Oh, yeah. Comparing value to momentum here. Yeah. Well, I think at the end of the day, commodities is a different asset class than equities. And then within the equity buckets, you have cheap beta as I like to call it. And then you have somatics that you could surround yourself with that are more satellite in nature, but congeners additional alpha or returns relative to those broad equity benchmarks that you have.
Uh, and then in a lot of cases, uh, in the larger cap space, Are mostly the bigger names, mega cap and large cap names in the NASDAQ 100 and the S and P 100 and the S and P 500 reps. Okay. So diversify get a basket of different things. That's, that's your approach. Yep. And, and own, uh, some thematic ETF, uh, as a satellite exposure within your equity.

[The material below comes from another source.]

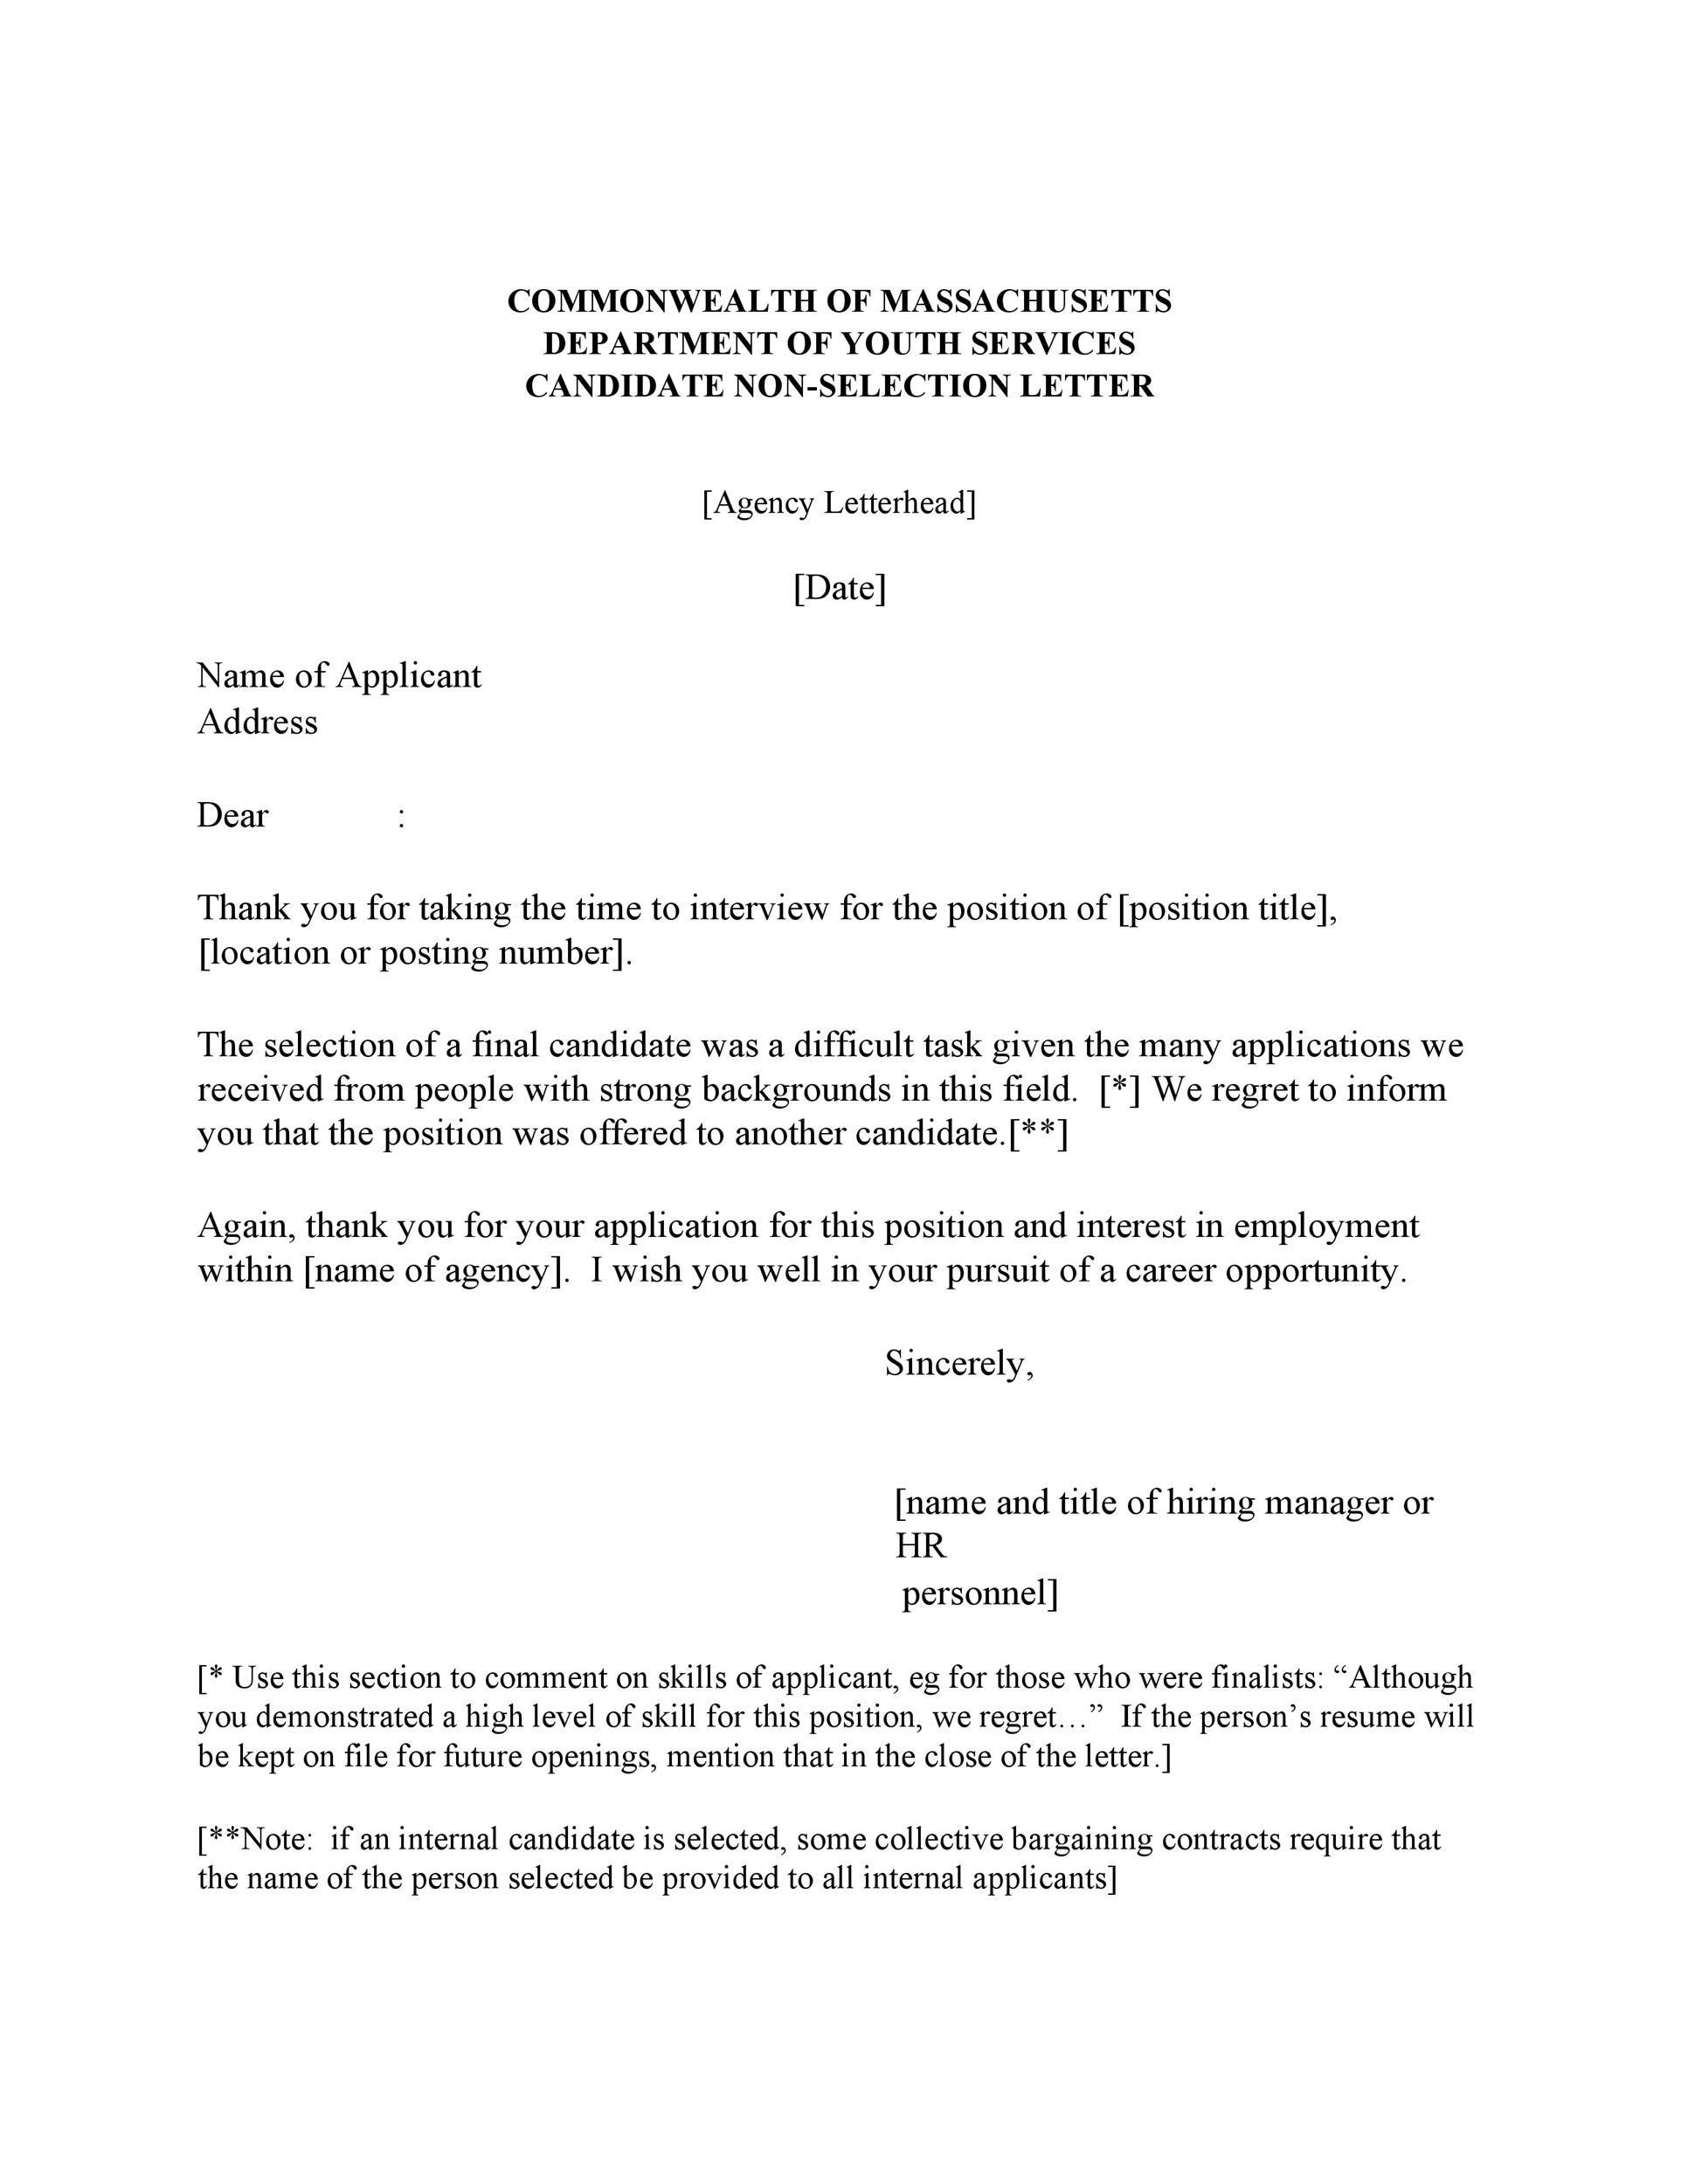 39 Job Rejection Letter Templates  Samples ᐅ Template Lab

Overall allocation work from home and moon are two ways to do that. Both are different plays. Uh, within the thematic space and both have different market cap concentrations work from home, uh, is predominantly mid and large cap. Uh, where is our Mooney ETF, uh, is predominantly made up of equities that are, uh, small and mid.
So there are different ways to play, uh, satellite sematic and are different return streams that are generated from that through our Mooney, TF and work from home. For example, Hmm. All right. Fantastic. Thank you so much for coming on the show today, ed. It was a pleasure. Thanks. Thank you for having me and thank you for watching Kitco news.